I have attached the question above in picture. It says the answer is $D$.
Now, I do know that Rank-Nullity theorem is being applied here. Let me explain how I have worked it out and finally leading to my doubt, so please bear with me..(sorry for my poor English)
So, the first thing they said that there is a matrix $T$ which is of order $m\times n$, Now they have already defined the set $V$ in this. Let us suppose there exists a linear transformation such that
$\{S: M_{n\times p}\to M_{m\times p}; S(x) = TX\}$
Now, in the question, they said $V$ is a set such that $TX= O$ so, meaning The set $V=\ker(S)$
so therefore $\dim V = N(S)$ (where $N$ is nullity of set $S$)
NOW, this is where I am stuck.

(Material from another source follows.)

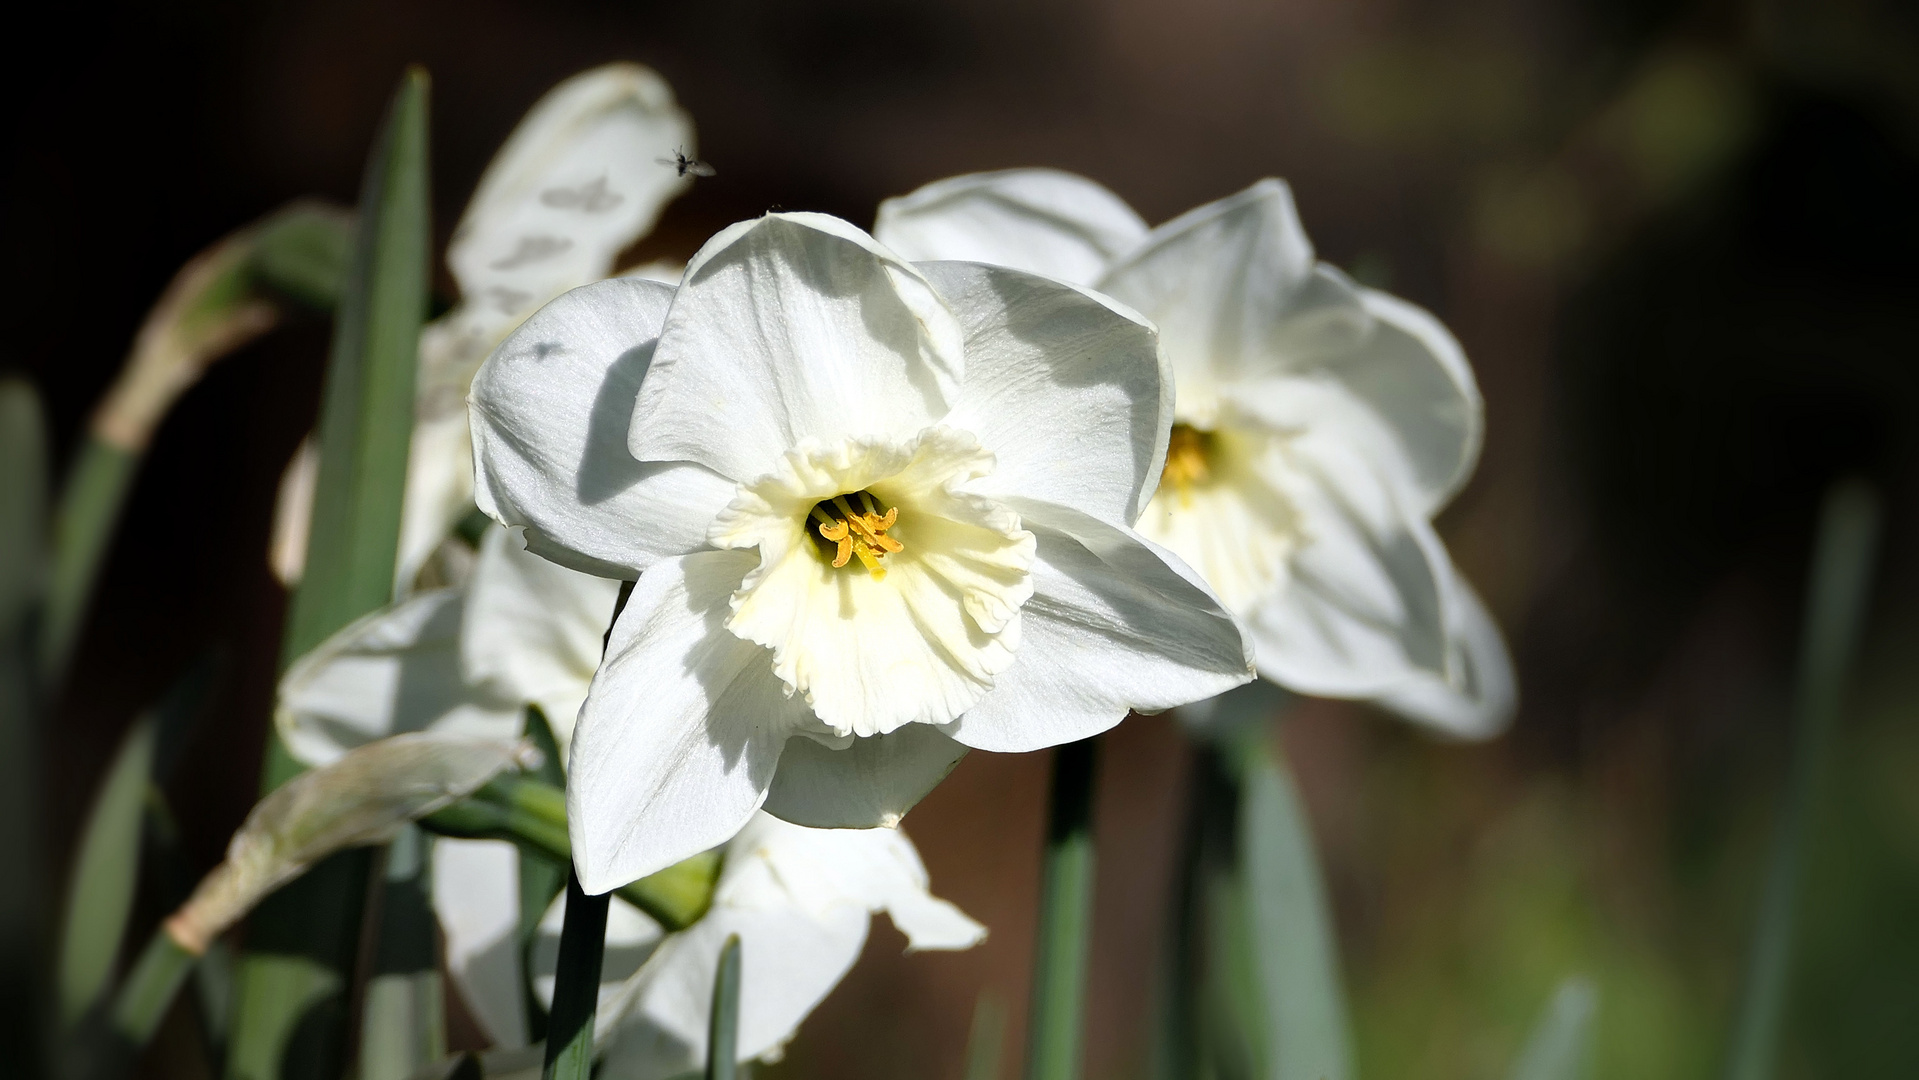 ... daffodil "Mount Hood"

Where on Earth are they getting $P$ multiplied?
Yes! I can see the $P$, column, but I have referred 2-3 reference books in linear Algebra, particularly the one by Kenneth Hoffman & Ray Kunze. Aside from this, I also referred to Introduction to Algebra by Serge Lang and I scan through the Rank Nullity theorem and every time they talk about Rank Nullity theorem they always refer to Linear Transformation such as $T: \Bbb R^n\to\Bbb R^m$ where the formula is $\operatorname{Rank}(T) + \operatorname{Nullity}(T) = n$, where on earth is another number being Multiplied to this whole thing?
Best Answer
Here is a start: think of $T \in M_{m,n}(\mathbb R)$ as a linear transformation $T: \mathbb R^n \rightarrow \mathbb R^m$. By the rank-nullity theorem, you know the nullity of $T$ is $n - \text{rank}(T) = d$. This means that the nullspace of $T$, which is the subspace of vectors $Y \in \mathbb R^n$ such that $TY = 0$, is spanned by $d$ linearly independent vectors $Y_1, \cdots, Y_d$.
Coming back to your problem: what type of matrices $X \in M_{n,p}(\mathbb R)$ satisfy $TX = 0$? You can show $X = [C_1 | \cdots | C_p]$ is a matrix whose columns $C_i$ are elements of the nullspace of $T$. You might want to exhibit an explicit basis for $V$ in terms of the basis $\{Y_1, \cdots, Y_d\}$ of $T$, but the idea is that each column "is" $d$-dimensional and there are $p$ columns, hence the dimension of $V$ is $pd = p(n - \text{rank}(T))$.